◆ Activity ◆
Print a faithful copy of the data below, word for word, with the pictures left out.

◆ Source material ◆
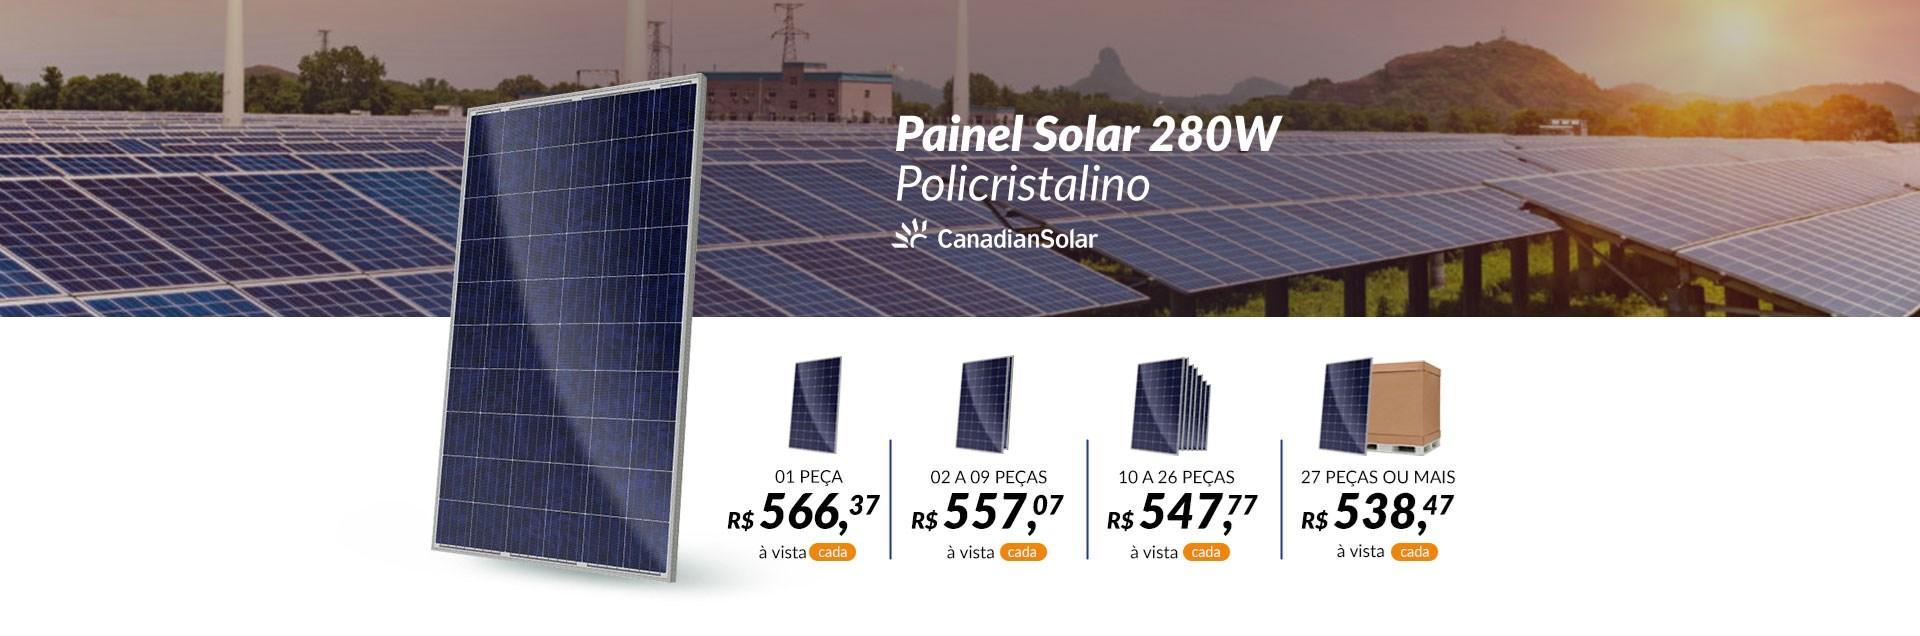 Painel 280W Canadian Solar
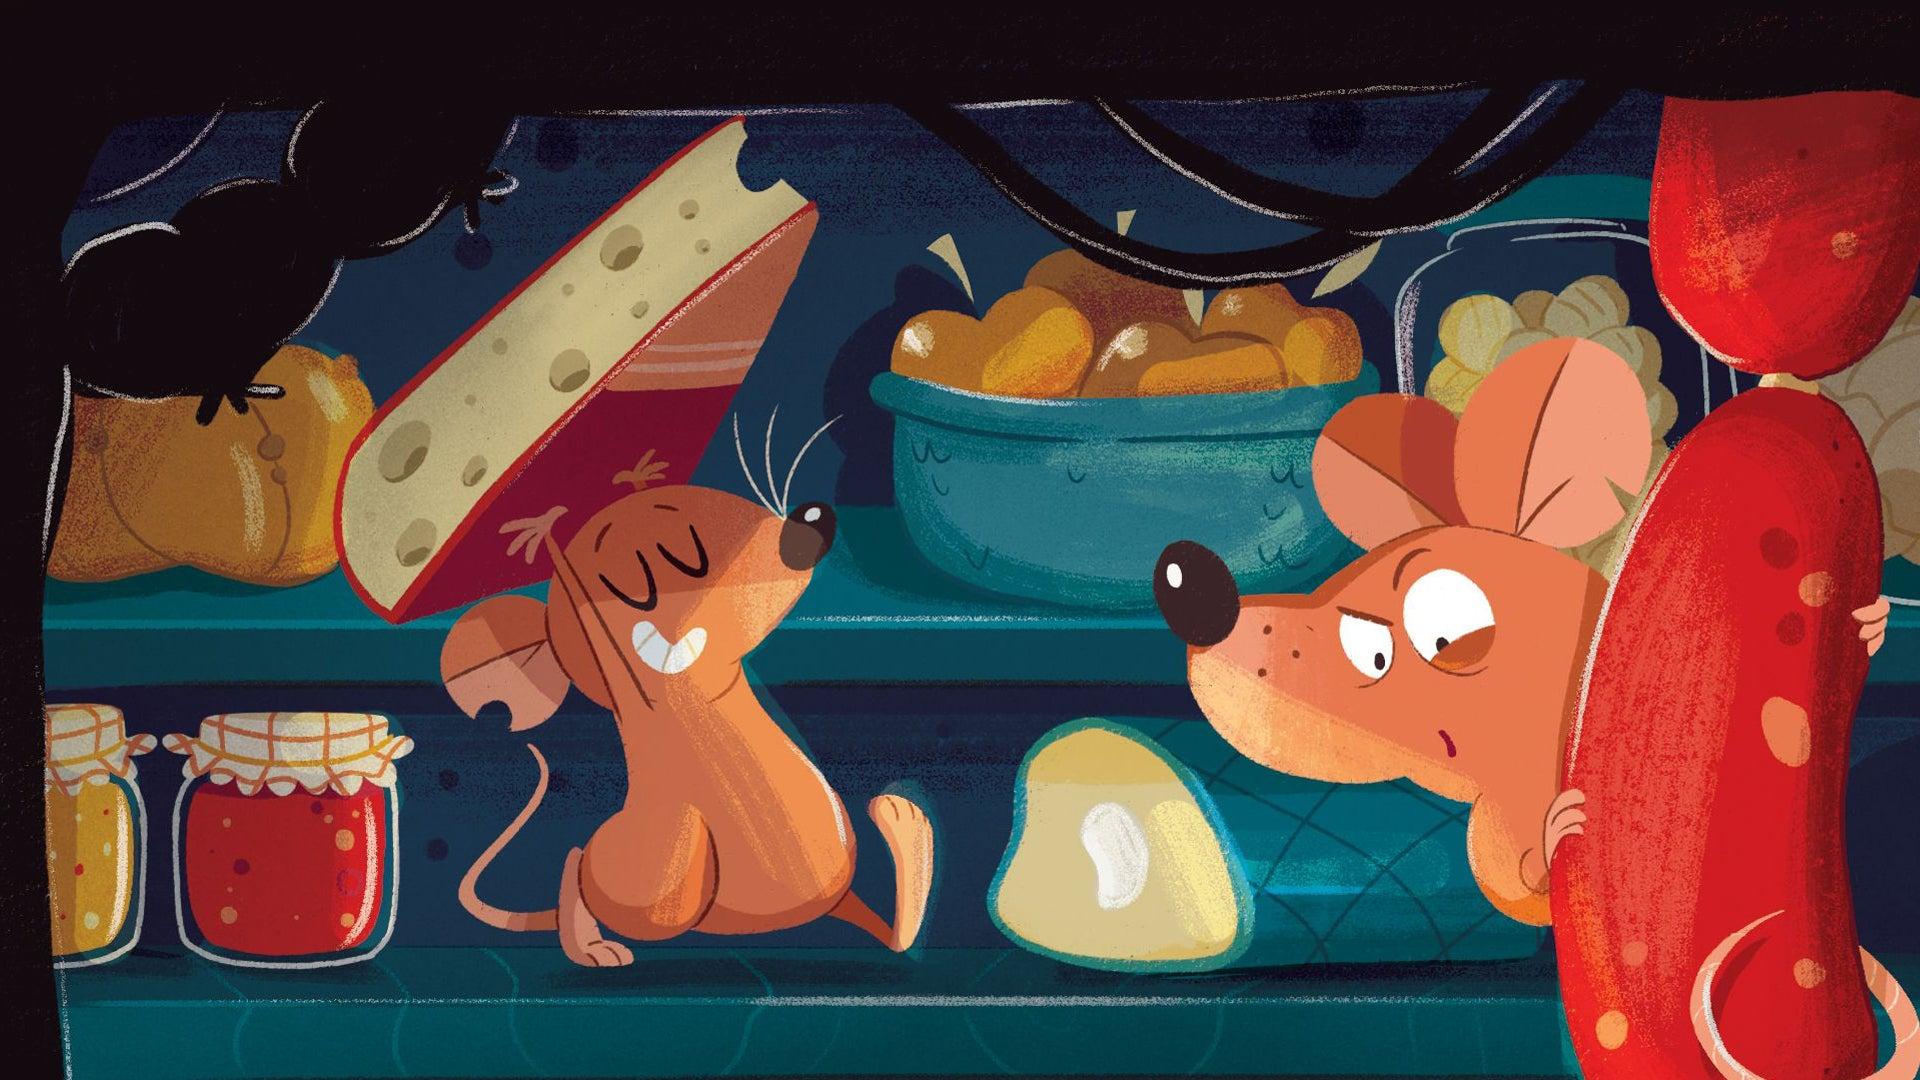 Ratzzia board game artwork
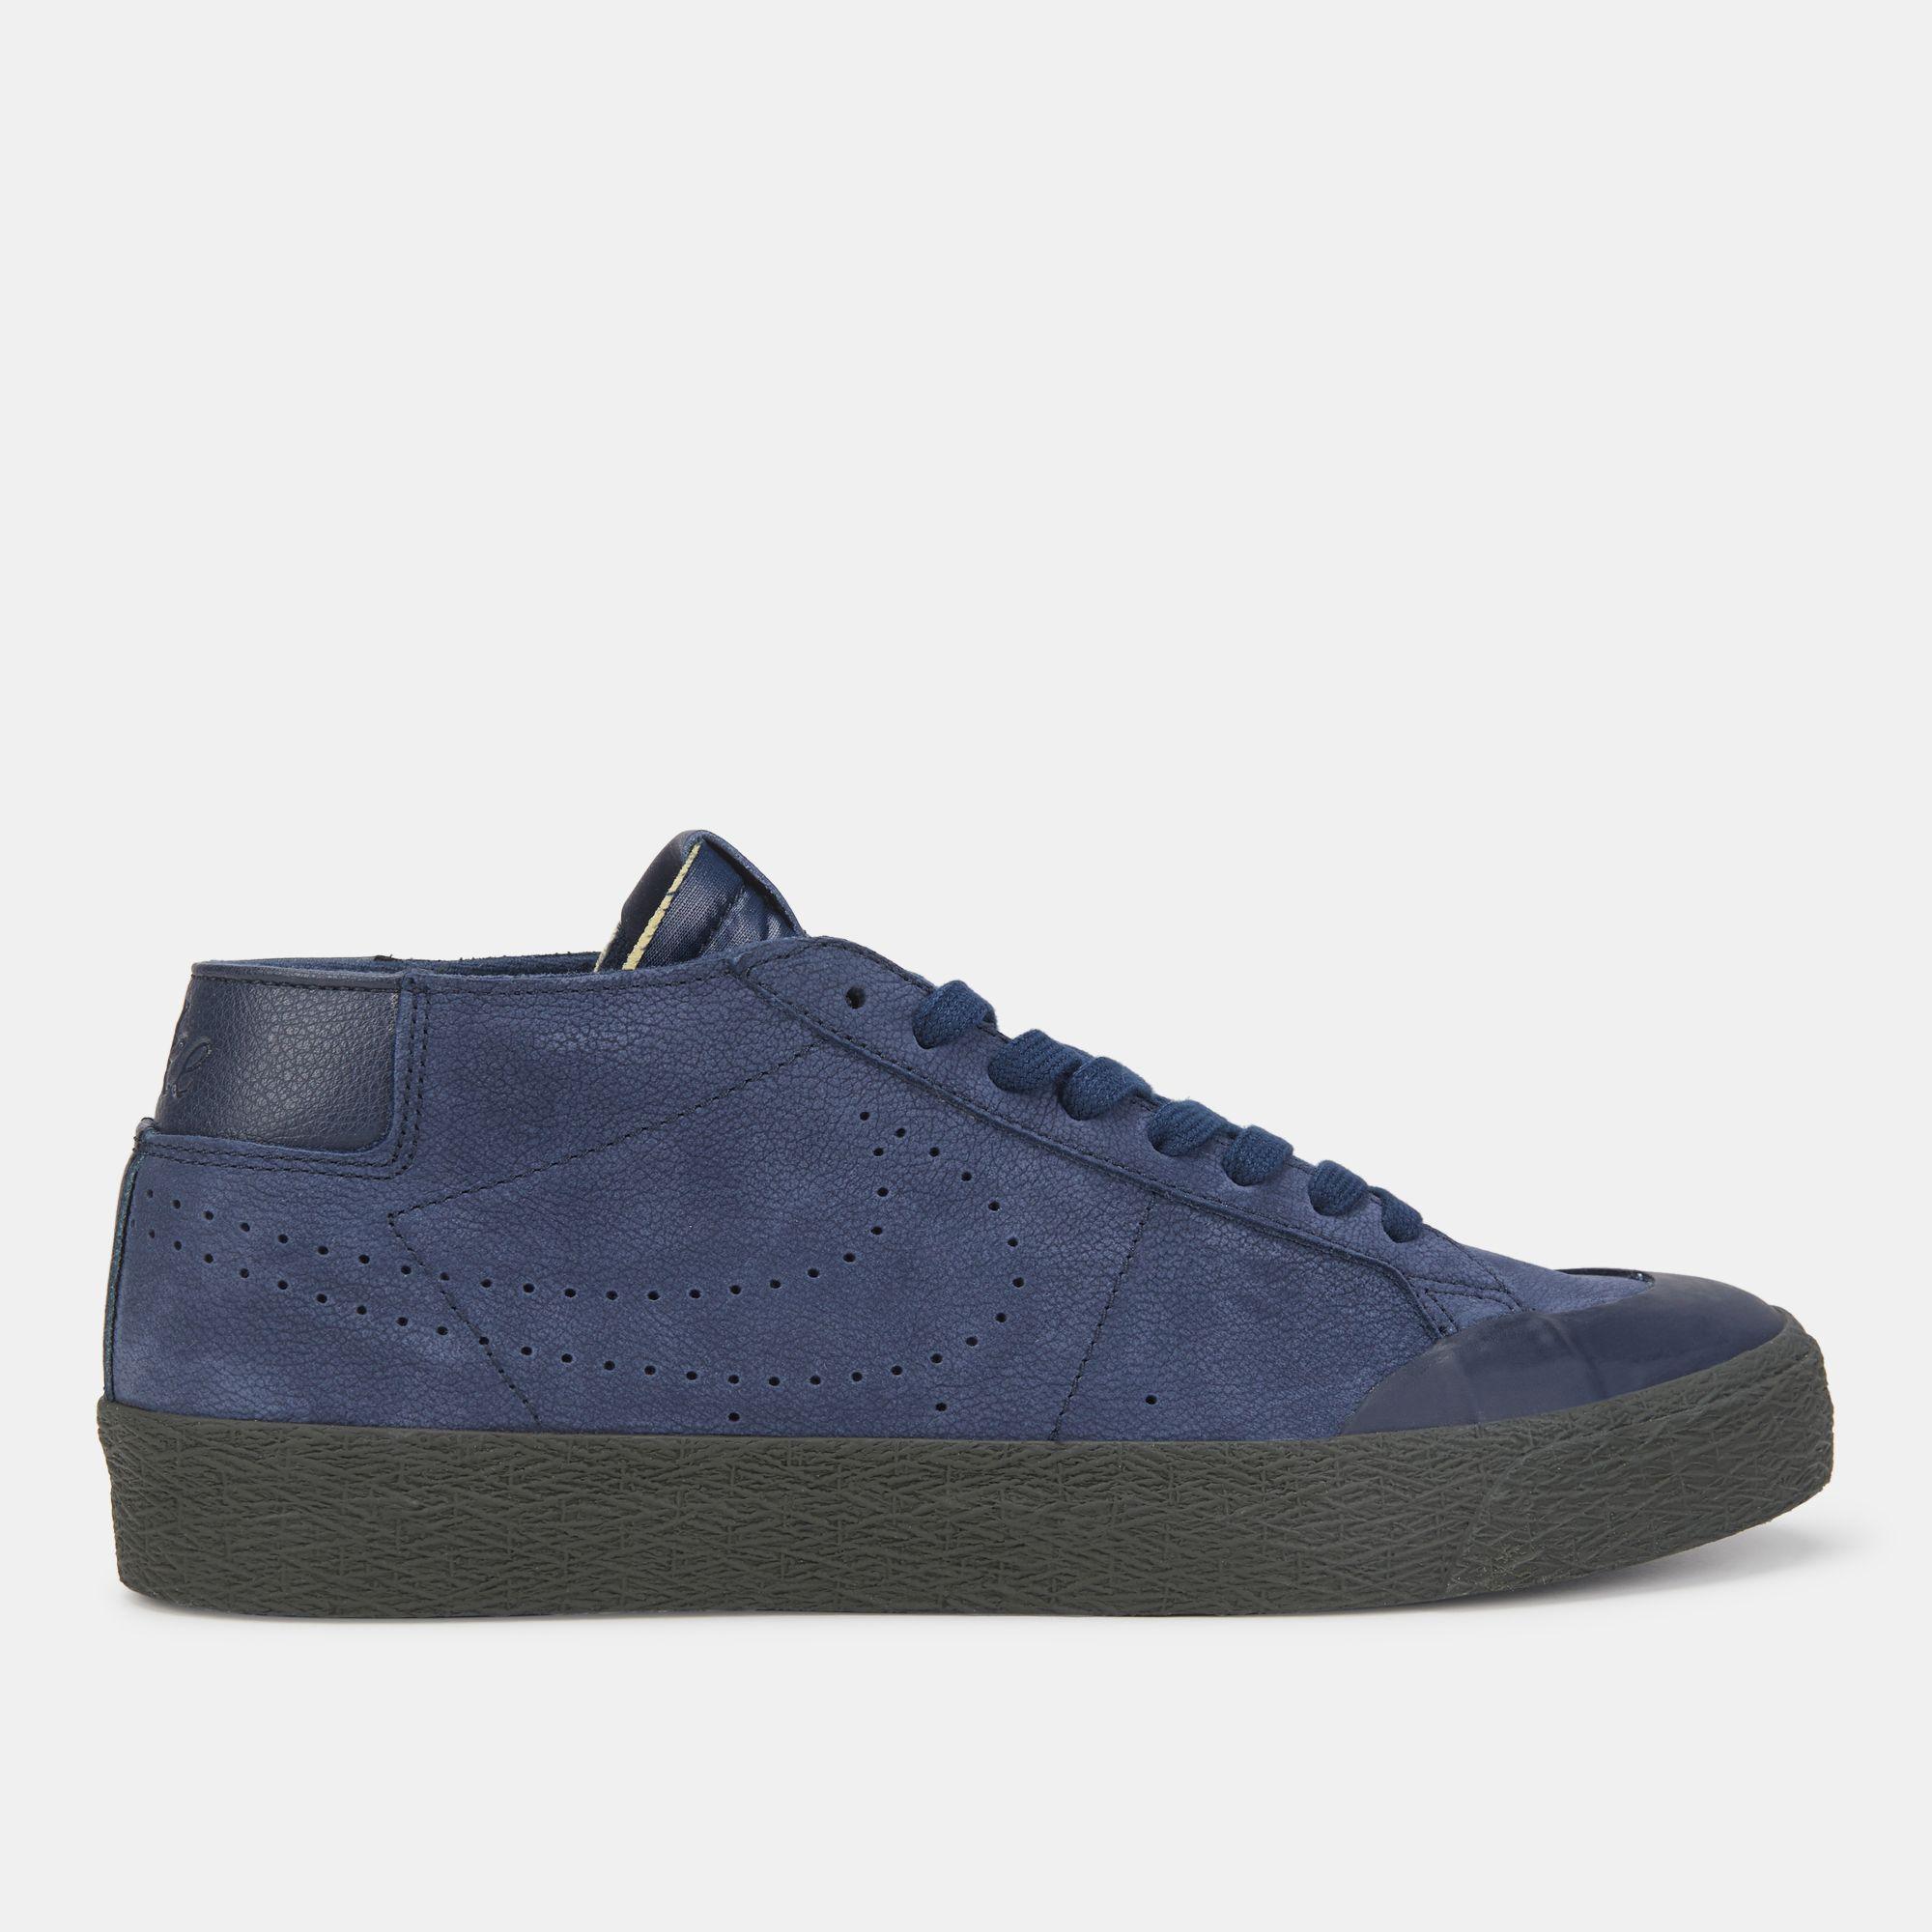 67be1e053bf95 Nike SB Zoom Blazer Chukka XT Premium Skateboarding Shoe

◆ Solution to the problem ◆
 Painel 280W Canadian Solar
 Ratzzia board game artwork
 67be1e053bf95 Nike SB Zoom Blazer Chukka XT Premium Skateboarding Shoe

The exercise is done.